Floating-point face-off

What makes a great runtime library different from a run-of-the-mill runtime library?
This article will answer some of those questions with hard data and technical insights.

What is the SEGGER Runtime library?

Recently, SEGGER introduced the SEGGER Runtime Library. It can entirely replace open-source libraries used with GCC or LLVM/Clang (typically newlib or newlib-nano) and delivers much better performance and smaller code. It is based on the highly optimized library we have been using for years in Embedded Studio, with almost two decades of continuous advancement. Seeing the difference in performance and size compared to open source as well as commercial counterparts, we decided to make it available for other tool-chains. The library is completely portable and can be used on any CPU.
In addition to that, an assembly optimized version is available for ARM processors. More information on our Wiki.

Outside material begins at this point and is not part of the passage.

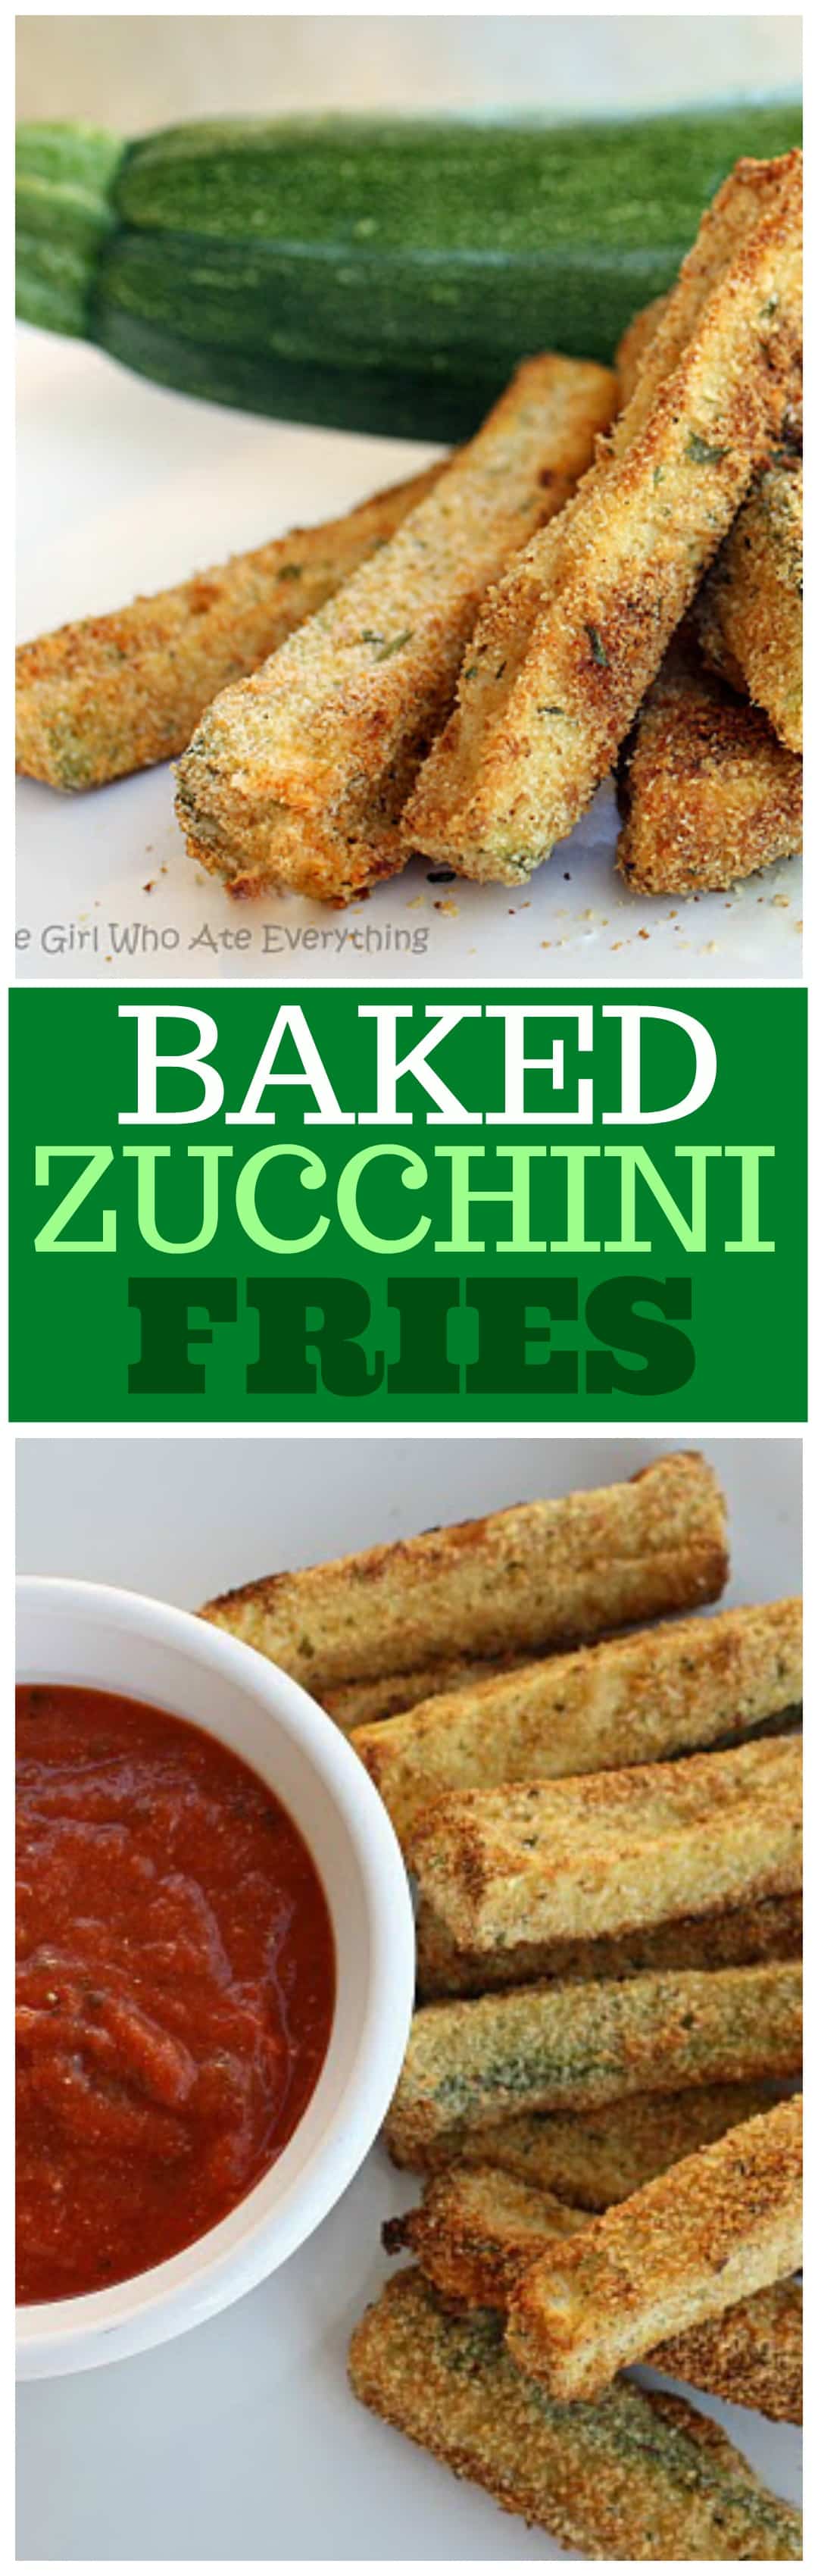 Baked Zucchini Fries - healthy and so good your kids will even eat them. the-girl-who-ate-everything.com

Overall program size and performance of a program depend on the compiler and to almost the same extent on the code in the underlying runtime library.

Let’s get right to it!

I compare two functions that show the difference between the SEGGER Runtime Library and the libraries used in two well-respected IDEs from Vendors A and B. If you are interested in how we manage to so comprehensively outperform competitor products, then read past the results for the technical information.

Function expf(1.0) sinhf(1.0)
Function code size 324 628 416 436 688 288
+ Supporting code size (linked in) 1074 1308 1662 2064
= Total code size 324 1702 1724 436 2350 2352
Execution cycles 111 954 792 159 1823 968
Code size relative to SEGGER 1.00 ×5.25 ×5.32 1.00 ×5.39 ×5.39
Performance relative to SEGGER 1.00 ÷8.60 ÷7.14 1.00 ÷11.50 ÷6.09

SEGGER’s code is more than 6 times as fast as the best competitors code!

This is for a Cortex-M3 running from flash with no wait states; all benchmarks were conducted on the same evaluation board using identical clocking. In the spirit of fair benchmarking, SEGGER’s implementation of both expf() and sinhf() are fully conformant to IEEE-754 in round-to-nearest mode and produce results correct to 0.5 units in the last place (ulps, and better than 0.5 internally) over the entire floating domain, i.e. these are not synthetic, cut-down, reduced-range “benchmark specials”.

A much harder contest…

So, how about comparing to Vendor A and B’s hardware floating-point performance for these functions? That is, we are benchmarking the SEGGER fixed-point implementation against commercial-grade libraries with the added advantage of hardware floating-point assistance. No contest, right?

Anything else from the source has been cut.